“I do still have a bruise.”
“Something tells me you’ll have a lot more by tomorrow.”
I wrinkle my nose. “Play your cards right.” Shifting closer, I graze my index finger down his jawline, my grin widening. “Actually, I could go for round two right now.”
“Insatiable.”
Chewing on my lip, I reach for his hand and drag it to the soaked juncture between my legs, where his release leaks out and coats my inner thighs.
His eyes roll up, and he bites back a groan. “Greedy.”
“I bet I could outlast you.”
He smiles—a flash of teeth, so organic and real. I hardly ever see him smile like this unless the cameras are on him or people are watching.
I want to keep it close, carry it with me for all my days.
It’s just for me.
A rough chuckle skims my lips as he leans in for a kiss and flips me onto my back. “Dream on, Nicks.”
Chapter 44
Lex
It’s a different kind of Thanksgiving.
The farm is quiet, the sky a pristine blue, no clouds in sight. I stand outside on the front porch, the eroded red farmhouse towering behind me as the scent of briny turkey and savory sides sneaks through the cracked main window. I left California in such a rush, I forgot my cigarettes. But something tells me I might not need them anymore.
No cars zoom down the winding, rural suburbia road, giving me a reprieve from the nonstop LA noise. I used to crave the noise, the relentless chaos on the other side of my window; not long ago, itwasmy reprieve.
Something tells me I might not need that anymore either.
The door creaks open behind me, and I step off the stoop, turning to find Stevie standing at the threshold in a brown harvest dress that teases her knees. I glance down at those knees. A little canvas of scars zaps a pang of doubt to my chest.

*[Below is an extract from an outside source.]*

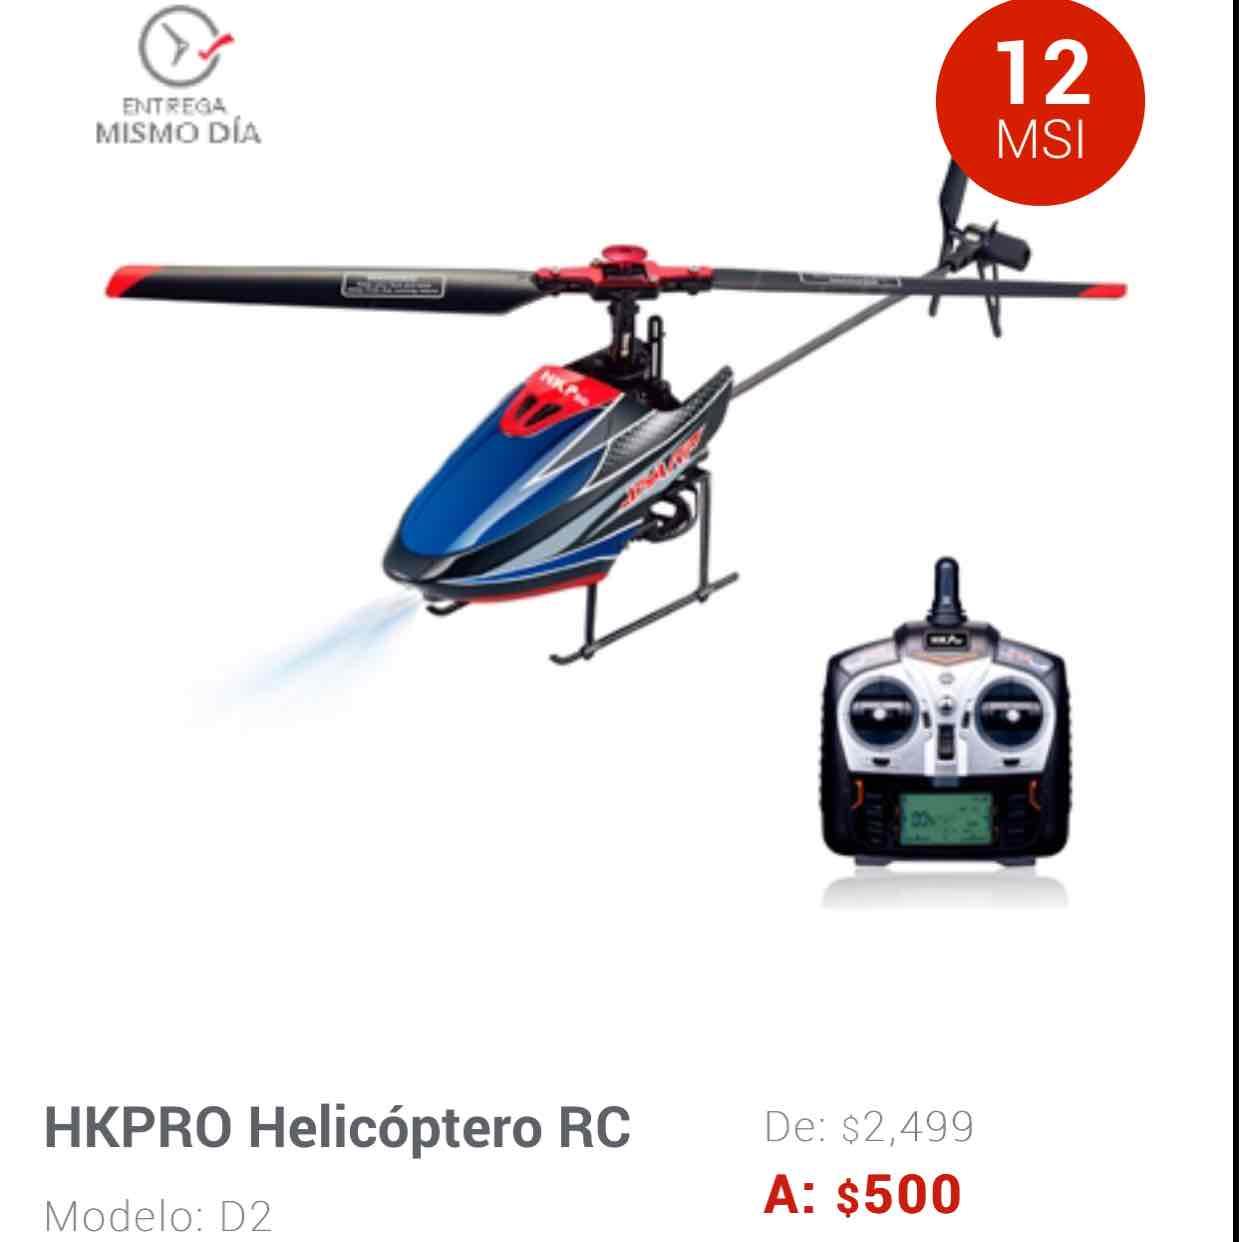 Elektra en línea: Helicoptero de radio control a $500

For the briefest moment, uncertainty grips me. I’m not sure when I’ll ever get over the feeling of insecurity that has carved holes in my heart for years.
The notion that I’ll hurt her again. That my demons will come out to play when the nights are long and the joy is fleeting, and she’ll grow to hate me one day.
But then she smiles. Stevie sticks her head out through the big wooden door with a glowing grin.
And the burden lifts.
Another feeling takes over, the one that’s been poking through my dark hollows, sprinkling seeds in those empty holes. She’s the water. The sunlight.
New growth.
“Happy Thanksgiving,” she says, biting her lip in a way that says she is happy.
Her radiance is contagious, lighting my own smile. “You look beautiful.”
And not just her face. Not just her ribbons of dark hair, glinting with autumn lights beneath the sun, or the sprinkling of freckles on her nose, or those green eyes that have captivated me since that day on a city street when I was seventeen years old, a shell of a person.
It’s her aura, her kindness, her unwavering conviction that I’ve always been more than what I’ve believed—more than a used-up actor, a hollow puppet on tattered strings.
She always looked deeper, saw the person inside. The man curled up, begging to be brought to life again.
“Come on,” she says, stepping fully out the door and reaching for my hand. “I want you to see someone.”